↓↓↓
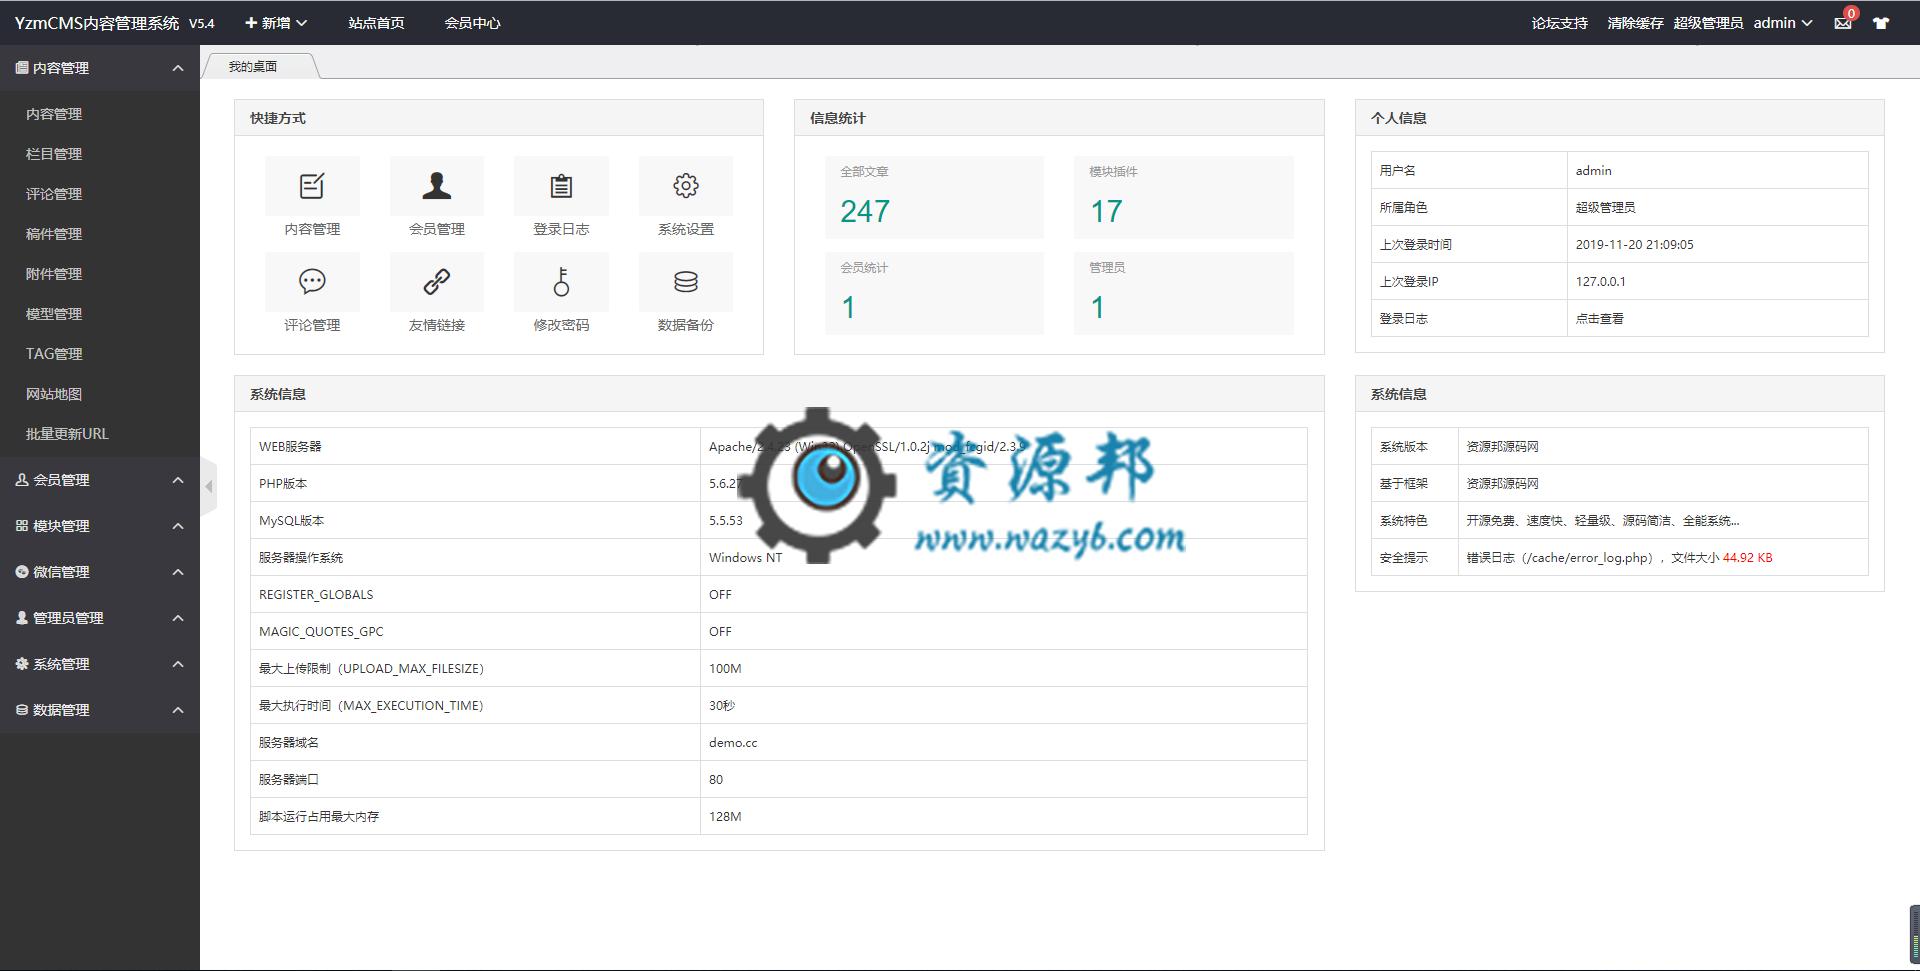 基于ThinkPHP框架开发的精仿系统之家下载站源码,支持采集功能和微信公众号管理对接 ThinkPHP源码 第5张
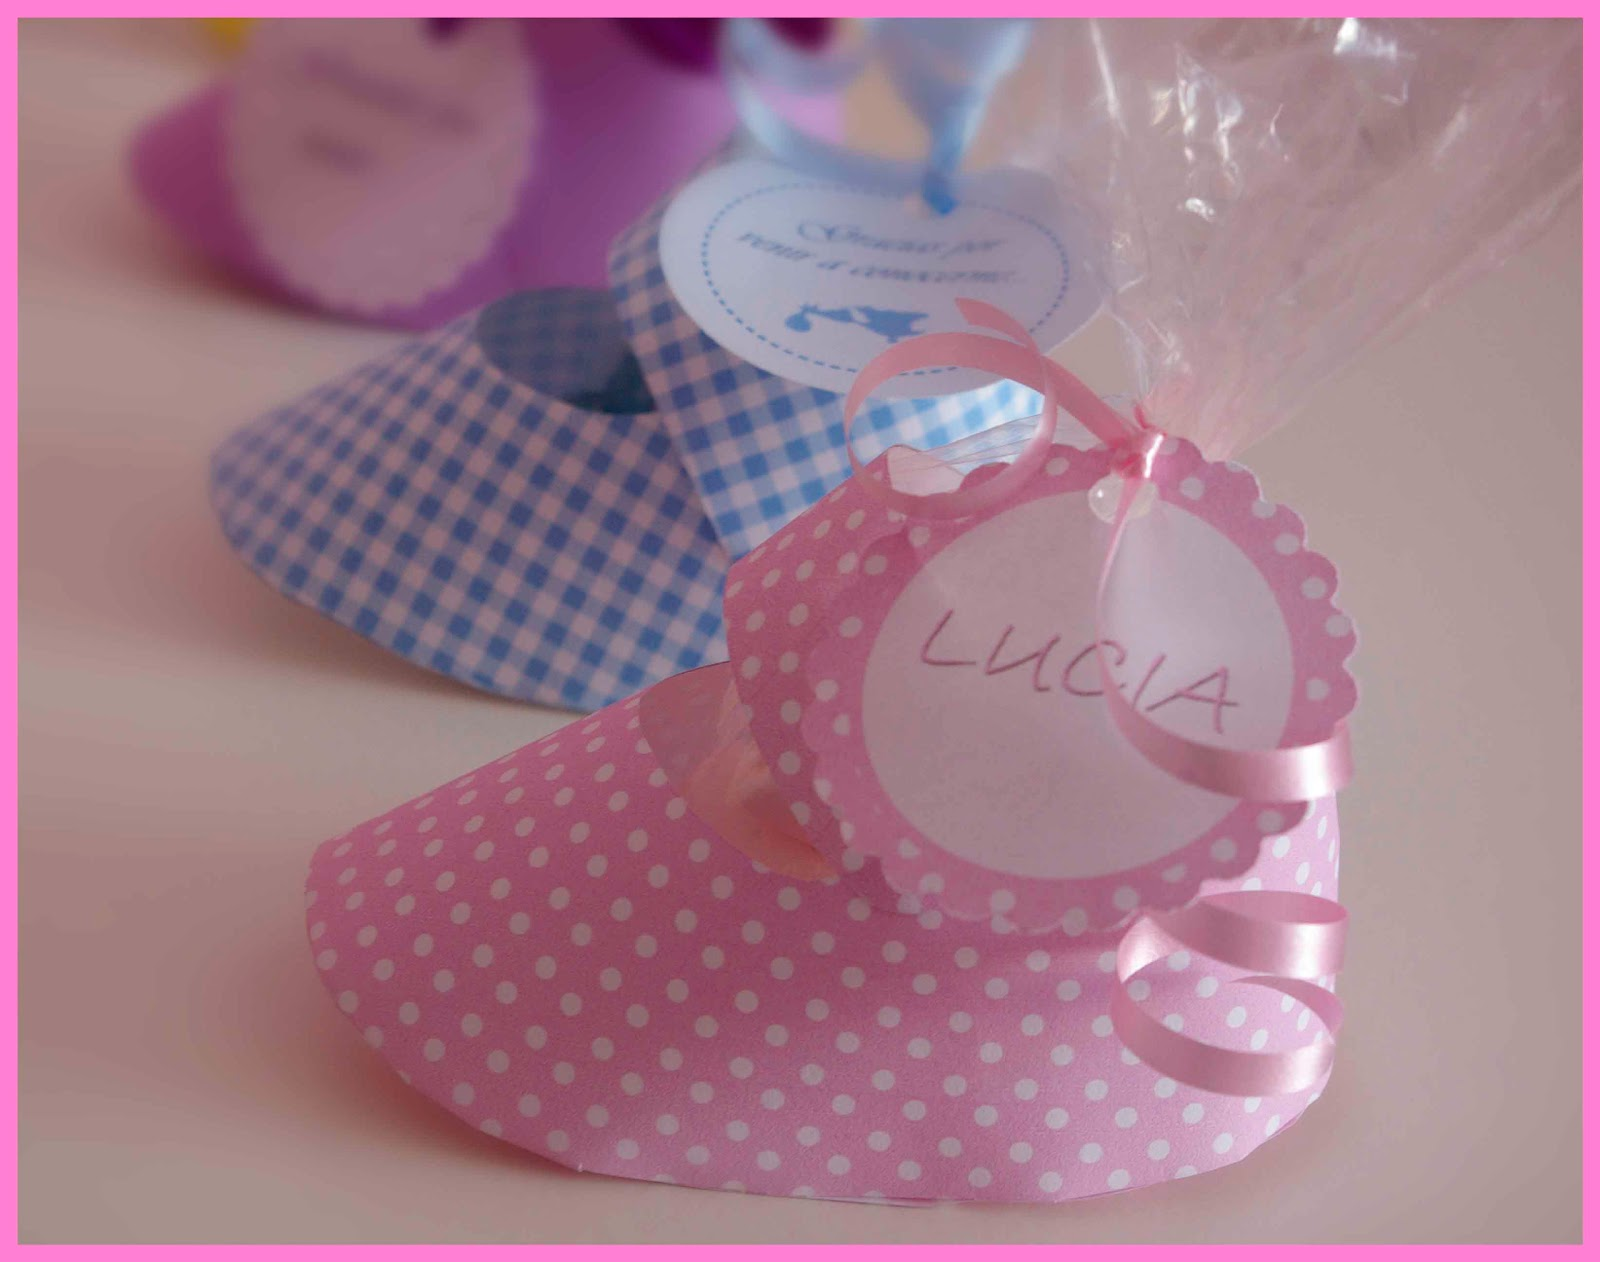 Hazlo especial idea para souvenir decoraci 243 n de nacimientos
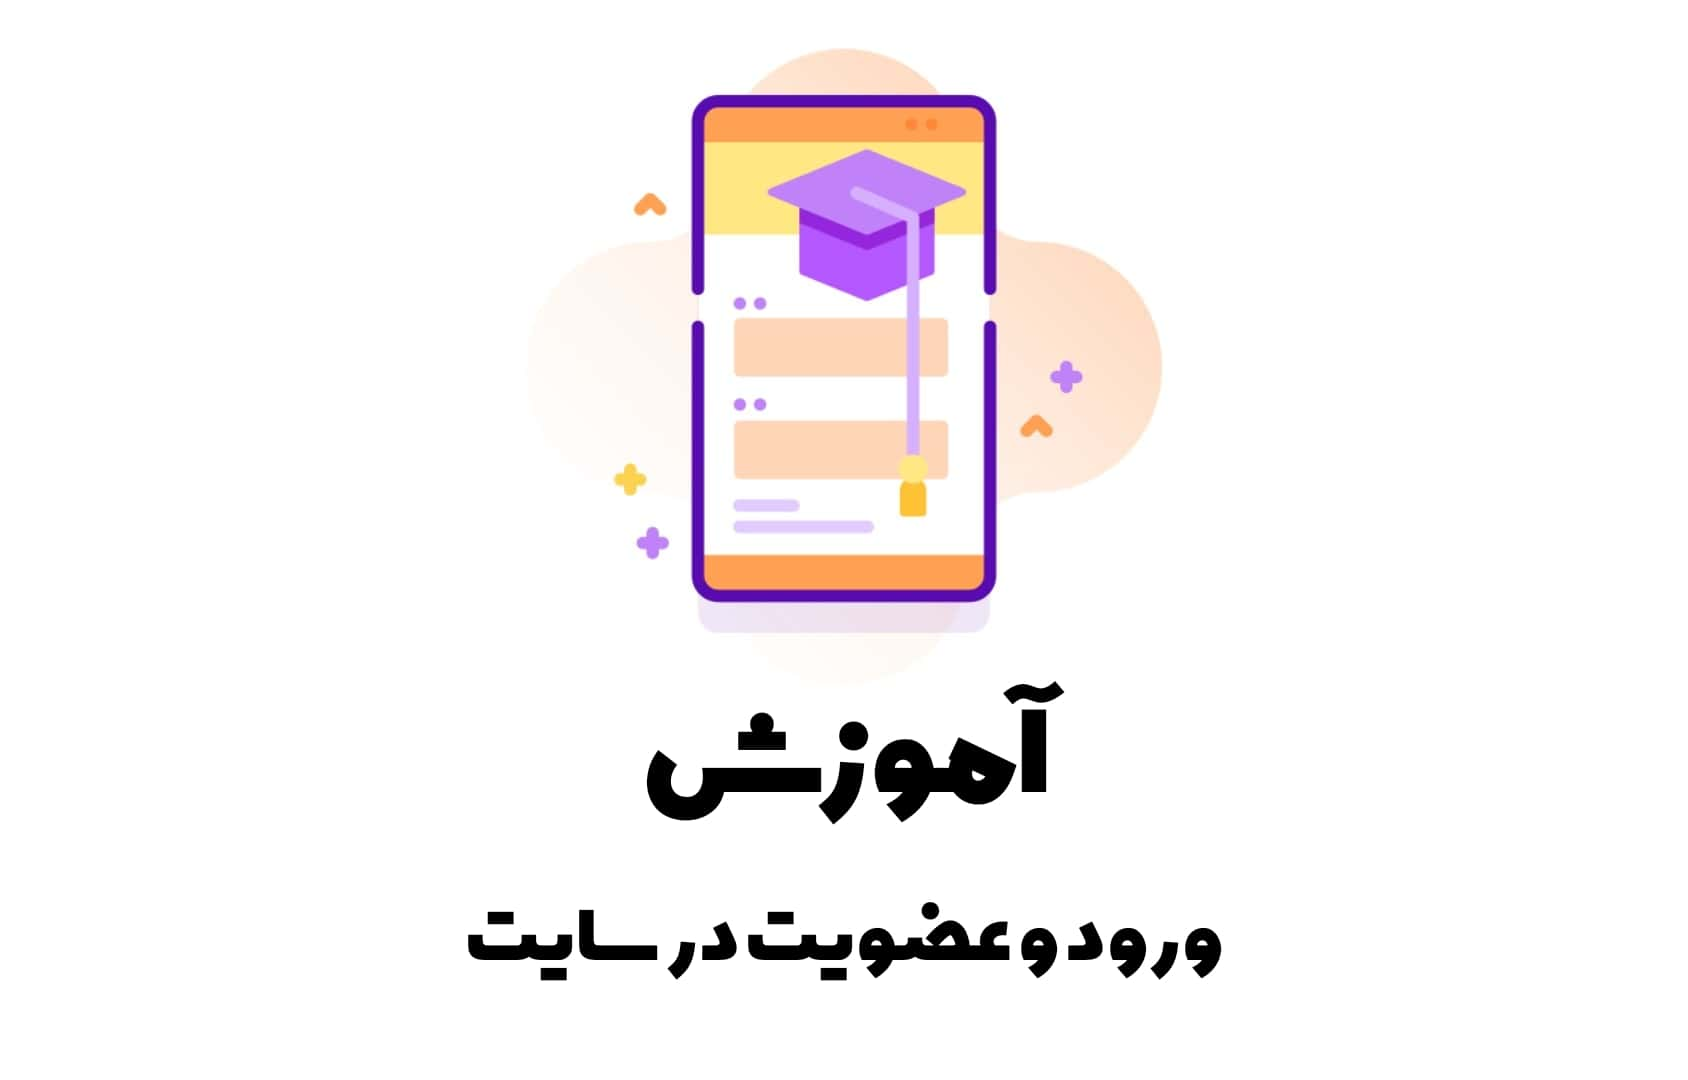 آموزش عضویت در سایت
↑↑↑
> [To do]:
What you give back should be the full material above, retyped exactly, with every image removed.

> [Expected answer]:
 基于ThinkPHP框架开发的精仿系统之家下载站源码,支持采集功能和微信公众号管理对接 ThinkPHP源码 第5张
 Hazlo especial idea para souvenir decoraci 243 n de nacimientos
 آموزش عضویت در سایت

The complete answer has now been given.